App testa limites entre vigiar e proteger a família
4 de fevereiro de 2016Toda noite era a mesma história. Assim que a mãe de Rafael Dias Silva, de 32 anos, abria o portão ao chegar em casa, o cachorro da família escapava para a rua. Até o dia em que Rafael, responsável por correr atrás do animal e trazê-lo de volta, baixou no celular da mãe o app localizador Familo.
"O portão é automático. O cachorro fica solto no quintal. Apesar de ser brincalhão e até um pouco lerdo, ele não pode ver o portão aberto que foge para a rua. Passei, então, a prendê-lo antes de minha mãe chegar", conta o rapaz, que mora com os pais em Brasília.
Só algumas semanas depois, a mãe, Maria de Lourdes Dias, de 59 anos, descobriu que estava sendo "rastreada". O Familo dedurava de onde Maria tinha saído e para onde estava indo, dando a Rafael tempo de amarrar o São Bernardo. "Não me importei muito. Não sei muito sobre tecnologia. Nem sabia que isso existia", disse.
A "brincadeira" ficou séria e, mesmo sem tanto conhecimento, ela resolveu incorporar a "babá virtual" à rotina. "Se o Rafael demora a voltar da aula de pós-graduação, que é à noite, olho o aplicativo para saber onde ele está. Também monitoro meus outros filhos para ver se estão em casa", conta.
Além de Rafael, Maria de Lourdes tem outros dois filhos. Um deles é casado e fica de "olho" no Familo para ter certeza de que está tudo bem com a esposa. A outra é Ludmila Dias Silva, de 29 anos, que aderiu ao app para cuidar da segurança da única filha, Eduarda Silva Pinheiro, de 11 anos. "Baixei o aplicativo para seguir os horários de entrada e saída da escola dela para casa. Fico preocupada. Cuidado nunca é demais, não é?", diz.
Brasil recordista
Quem tem o Familo no celular pode compartilhar os dados de localização com pessoas próximas. Uma vez que você está online, o aviso de check-in em locais pré-determinados (casa, escola, academia, universidade, etc.) é enviado automaticamente aos familiares. Também é possível enviar alertas em caso de emergência se estiver em qualquer outro lugar, ou restringir informações.
Dos 900 mil usuários do app, desenvolvido pela start-up alemã Familonet, cerca de 250 mil estão no Brasil, considerado pela empresa um dos principais mercados para o serviço. O país é recordista de downloads, seguido da Alemanha e da Turquia. A ferramenta está disponível sem custo nenhum em 12 línguas, que incluem, além do português, alemão e inglês.

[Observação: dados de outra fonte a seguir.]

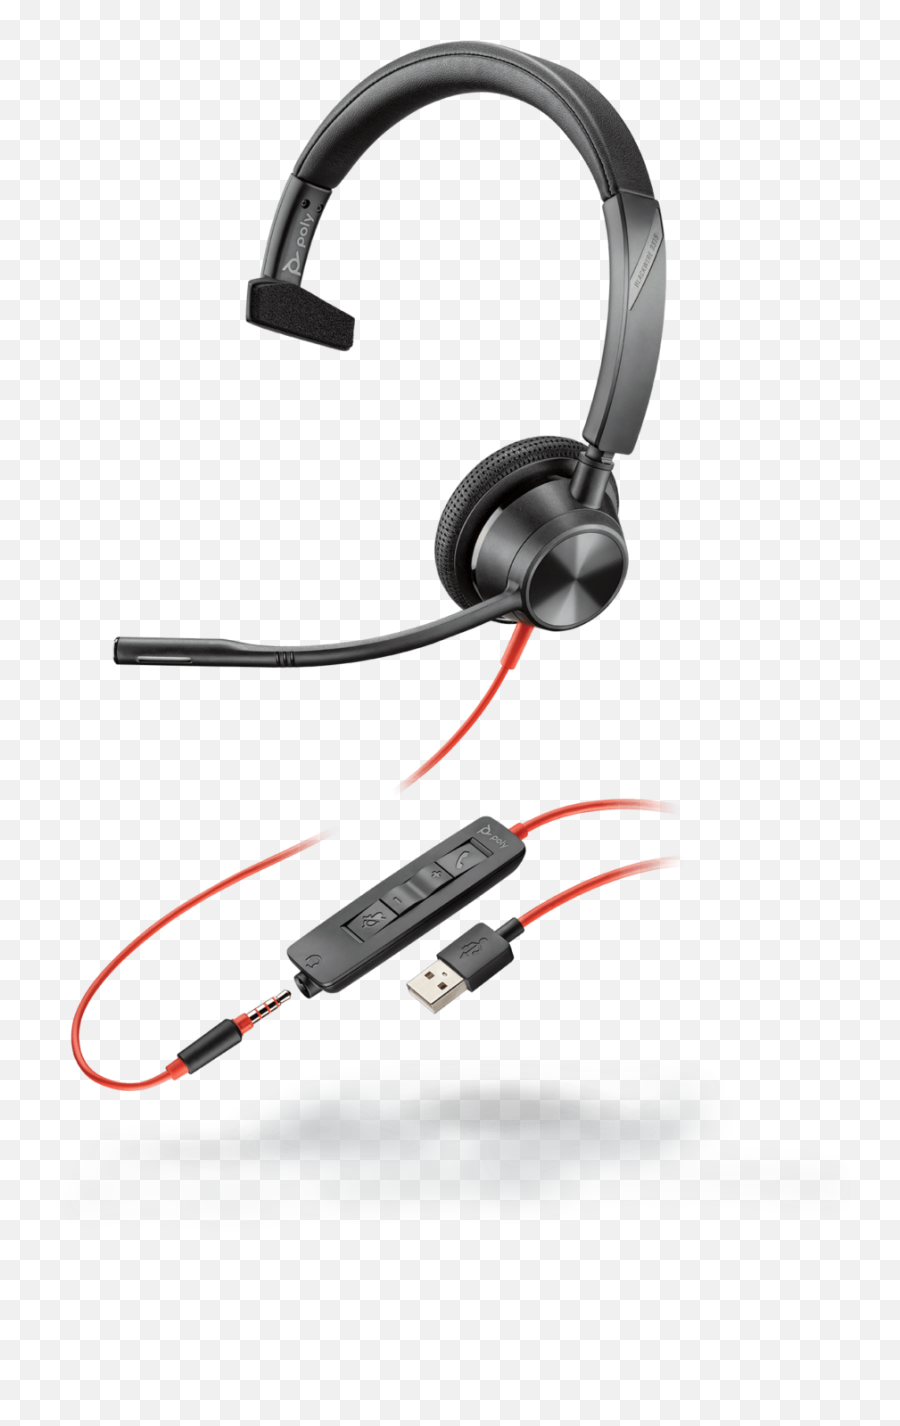 The Best Headsets For Conference Calls - Poly Blackwire 3325 Emoji,Headphones Transparent Background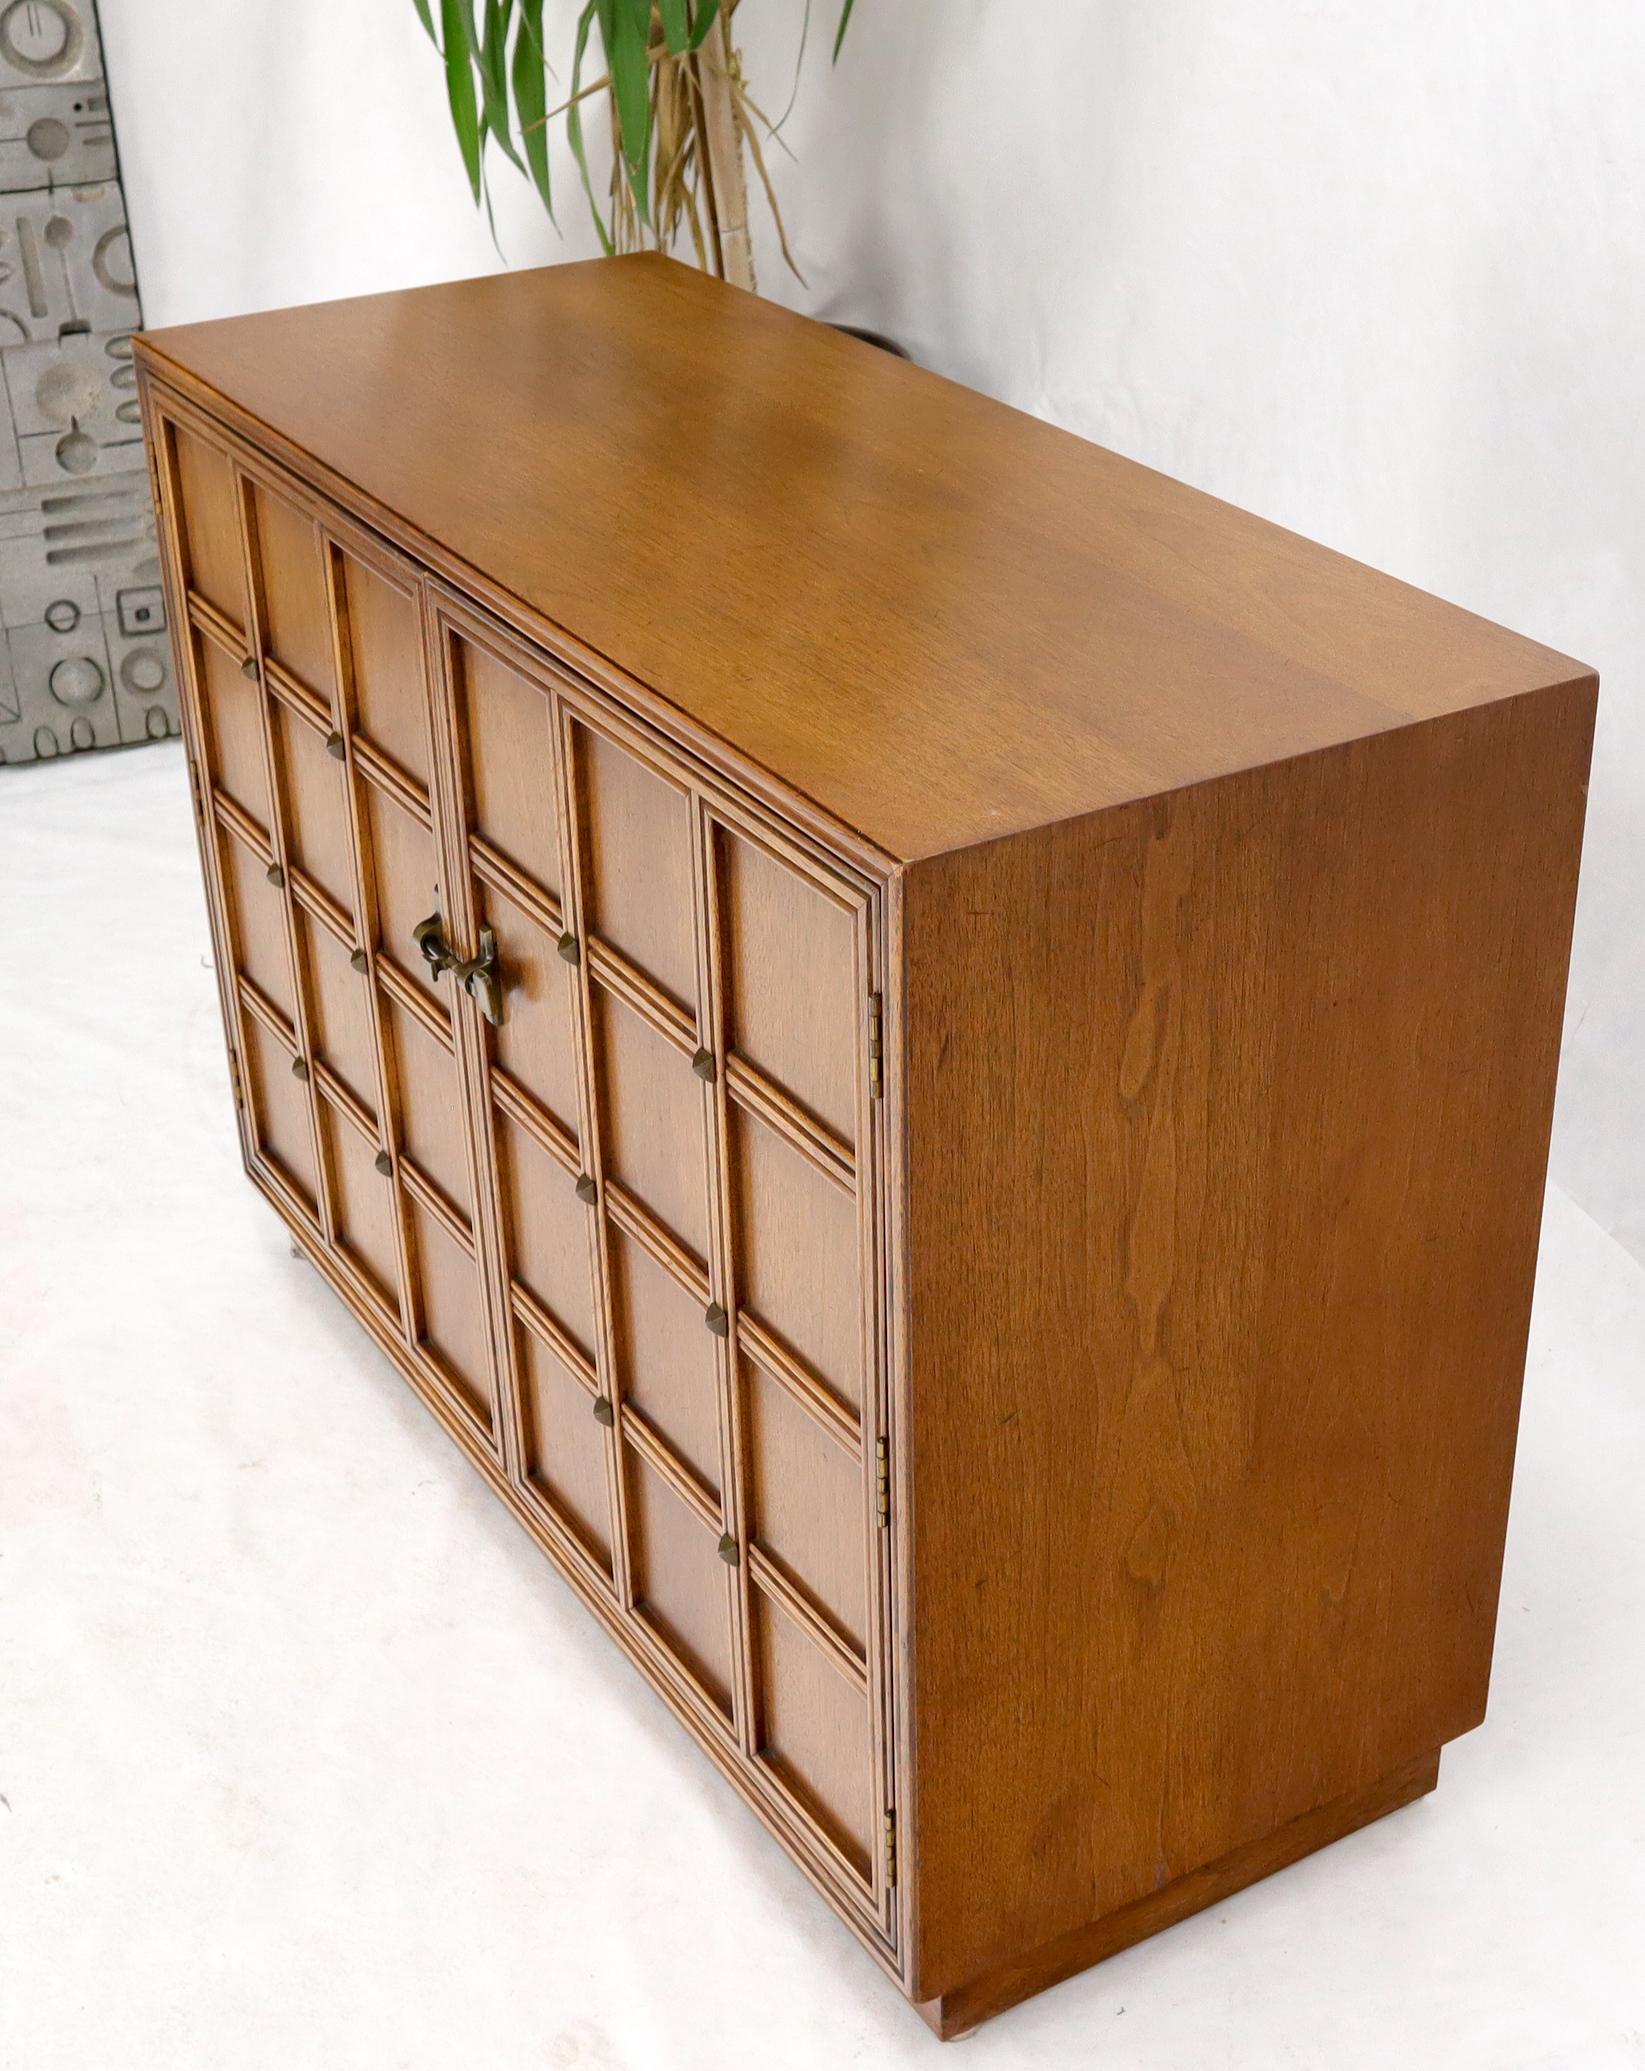 Mid-Century Modern lattice and studs front two doors credenza cabinet server or console. Very decorative high quality piece built by Henredon.

De acordo com um dos fundadores da Familo, Michael Asshauer, "mais e mais pessoas estão usando smartphones no Brasil, um país onde a segurança da família tem muito valor". "Por isso, ano passado, começamos nossa divulgação por lá. O sucesso foi rápido", diz.
Agora, a meta da start-up é ganhar espaço no México e em países da Ásia, como Índia e Indonésia, e, ao mesmo tempo, atualizar de forma contínua as funções do Familo.
Invasão de privacidade?
O uso cada vez mais frequente de apps "espiões" provoca discussões sobre privacidade, um direito garantido pela Constituição brasileira. Se os pais gostam de saber tudo da vida dos filhos, é preciso haver equilíbrio para "não impedir que os jovens desenvolvam recursos psíquicos de autocontrole", afirma Maria Virgínia Filomena Cremasco, doutora em Saúde Mental pela Unicamp.
"Educar e dar limites não significa cercear a privacidade da criança, mas desenvolver nela a capacidade de se gerenciar", diz.
Segundo a especialista, a necessidade de monitoramento via aplicativo "tem que ser avaliada dentro do desenvolvimento de cada criança". Para as muito novas, por exemplo, "espera-se que os responsáveis estejam mais presentes nas decisões".
Cremasco afirma que os pais devem tomar cuidado para não fantasiarem sobre o que pode acontecer se o filho fizer algo sozinho. No entanto, se a questão for mesmo segurança, "o monitoramento pode representar uma tranquilidade maior para os dois lados".